Эмир полулежал в нише стены на одном из диванов. Подле него на ажурном столике стоял высокий стеклянный сосуд кальяна, две гибкие трубки отходили от него, а на тонком горлышке в терракотовой чашке курительной трубки тлел кусочек древесного угля величиной с орех. Запах был непривычный, но приятный, и Малик неспешно затягивался, отчего в сосуде кальяна слегка булькало.
Аль-Адиль был одет с изящной небрежностью: светлый парчовый халат, перетянутый лиловым кушаком, легкие голубые шаровары, непокрытая голова с зачесанными назад от мыса на лбу черными волосами. Он казался довольным и расслабленным, его черные глаза под иронично выгнутыми бровями лукаво поблескивали, на устах играла ласковая полуулыбка.

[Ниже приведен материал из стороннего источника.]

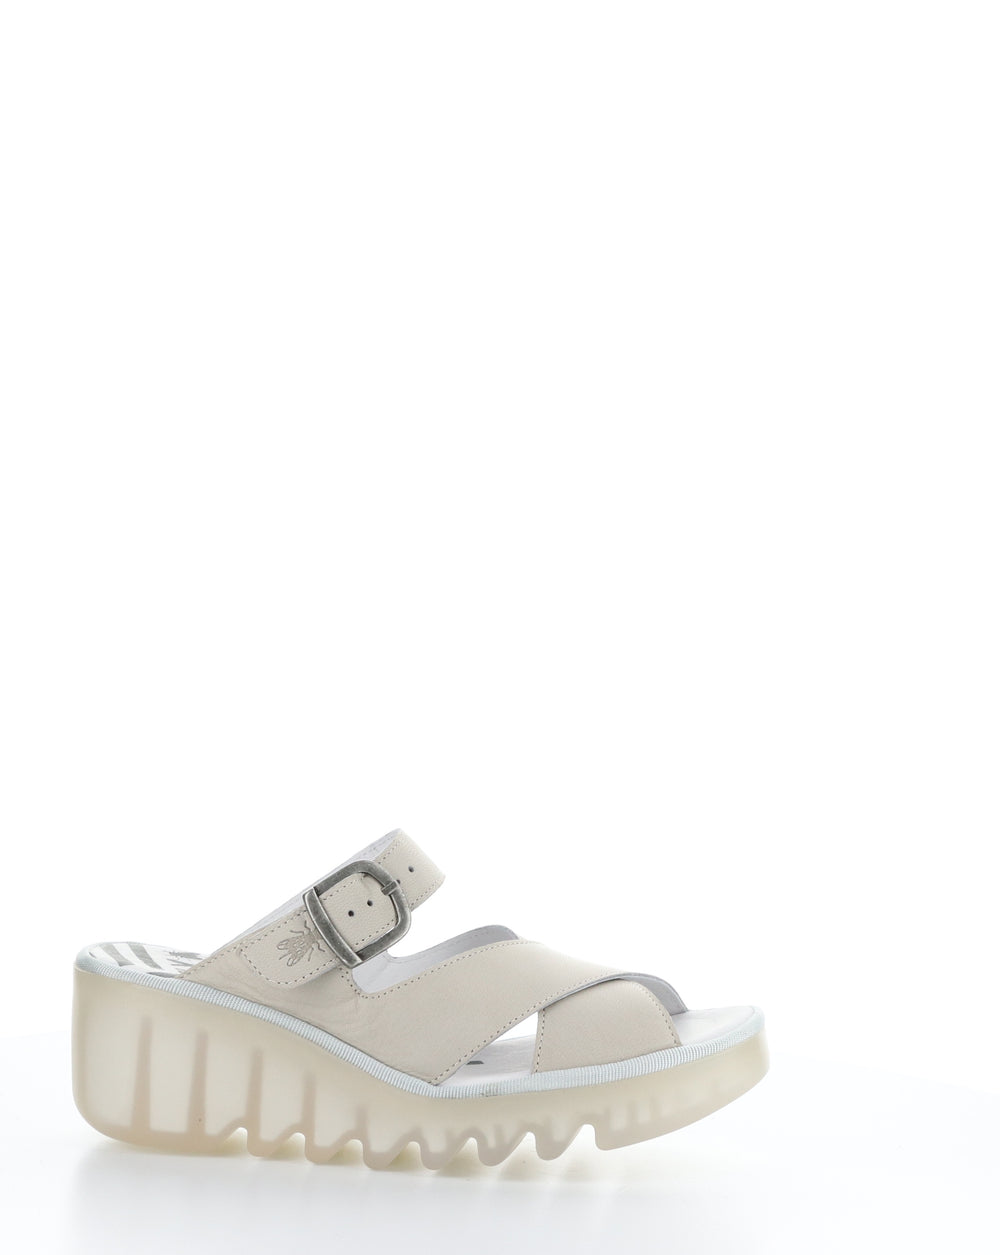 BOCY409FLY 001 CLOUD Slip-on Sandals

Джоанна неспешно приблизилась и села на софу напротив него, так чтобы между ними оставался уставленный яствами столик: в небольших пиалах были холодные паштеты и посыпанное шафраном рагу, в хрустальных вазочках – испеченные сласти, источавшие аромат корицы, орешки и морковные палочки, на большом плоском блюде покоились дольки разрезанного и уложенного цветком арбуза, а также всевозможные плоды.
Спокойное лицо Джоанны было подобно тихой воде: ничто не выдавало того, что творилось в ее душе. Она неспешно откинула покрывало и посмотрела на эмира холодным невозмутимым взглядом. Потом медленно взяла ломтик арбуза и откусила от него, слизнув потекший в уголке рта сок.
Аль-Адиль не сводил с нее глаз. Англичанка вела себя не как пленница: она не поклонилась, не пала ниц, как сделала бы осчастливленная вниманием господина восточная женщина; у нее все та же горделивая осанка, независимая манера держаться, головка вскинута на высокой шее с особой царственной грацией. Но тем и желаннее заполучить такую женщину. Аль-Адилю понравилось, как ей подрезали волосы над бровями и как блестят эти дивные светлые глаза в темной обводке сурьмы. Поднимавшаяся надо лбом блестящая диадема с зубчиками придает ей воистину королевский вид. Волосы ее завиты и высоко уложены, но их великолепная черная масса красиво ниспадает по спине. А как же этой иноземке идут подчеркивающие ее красоту восточные одеяния! Под легкими шароварами вырисовываются ее стройные бедра и длинные ноги, округлые груди чуть приподняты плотной тканью короткой кофточки. При свете огней они казались слегка золотистыми, как спелые плоды. Англичанка держалась раскованно, словно этот откровенный вызывающий наряд не смущал ее. А как соблазнительно она слизнула сок с губ розовым язычком!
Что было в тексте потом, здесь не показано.